Объектом исследования стали амбулаторные больные в количестве 76 лиц мужского (21 случай наблюдения) и женского (55 случаев наблюдения) пола в возрасте от 18 до 69 лет (средний возраст 39,5 ± 3,4 года), страдающие ОС (бляшечная форма), имевшие очаги поражения 1 (эритематозной) и 2 (индуративной) стадии, не имевшие признаков системности процесса с продолжительностью заболевания от 3 мес. до 20 лет. Ввиду критического сокращения числа участников испытания вследствие использования критериев включения (исключения), в качестве альтернативного рандомизации способа распределения участников по группам наблюдения был использован метод минимизации как единственно способный обеспечить сопоставимость групп по признакам, предположительно влияющим на исход терапии (пол, возраст, продолжительность, клиническая форма заболевания и пр.). Таким образом, при распределении участников по группам наблюдения были сформированы 2 равноценные группы сравнения: группа I (контрольная) и группа II (таблица 2). Значимых различий в степени выраженности оцениваемых клинических проявлений заболевания – эритемы, индурации, площади поражения кожи и пр., а также существенных расхождений в оценке качества жизни на долечебном этапе у представителей обеих групп отмечено не было – исходные показатели в группах сравнения статистически значимо не различаются, p < 0,05; (см. таблицу. 4 – 9, 12).
В целях верификации диагноза в комплекс предварительных диагностических мероприятий, наряду со сбором анамнеза и физикальным обследованием, были включены обязательные исследования, выполненные в соответствии с ныне действующими рекомендациями по диагностике ОС (3, 7). 
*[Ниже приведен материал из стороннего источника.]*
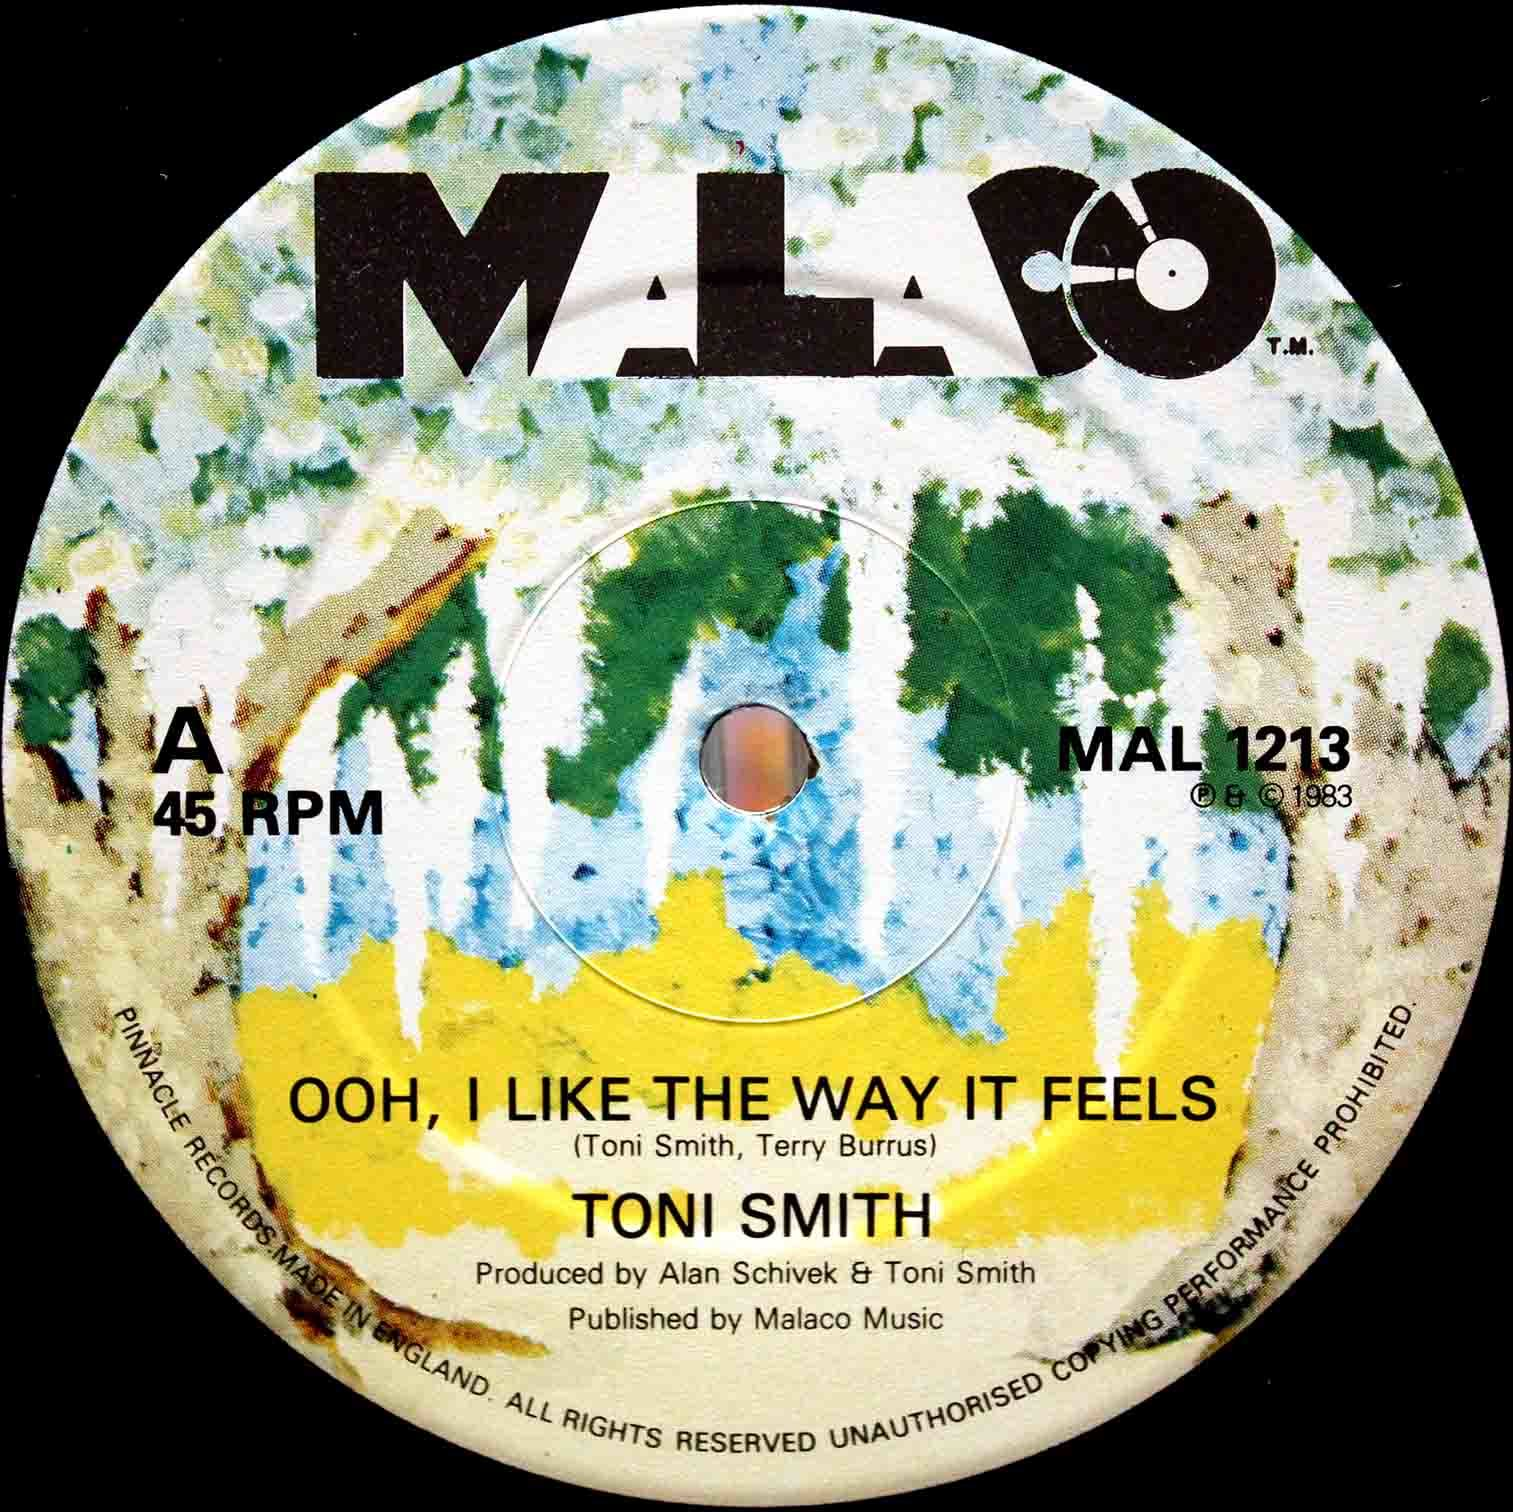 Toni Smith – Ooh, I Like The Way It Feels 03

В качестве используемых методов лечения применялись:

Общая терапия ОС, применя-емая ко всем участникам клинических испытаний (базовый курс).

Препарат 1 – бензилпенициллина натриевая соль в/м по 1 млн ЕД 2 раза в сутки, 15 дней, 2 курса с интервалом в 30 дней.
Препарат 2 – гиалуронидаза в/м по 64 УЕ 1 раз в сутки через день, № 30.
Препарат 3 – пентоксифиллин внутрь по 400 мг 1-2 раза в сутки ежедневно, 60 дней.
Препарат 4 – депротеинизированный гемодериват из крови телят (Актовегин) в/м по 5 мл ежедневно, 15 дней, 2 курса с интервалом в 15 дней.
Препарат 5 – α-токоферола ацетат внутрь по 200 мг 2 раза в сутки ежедневно, 60 дней.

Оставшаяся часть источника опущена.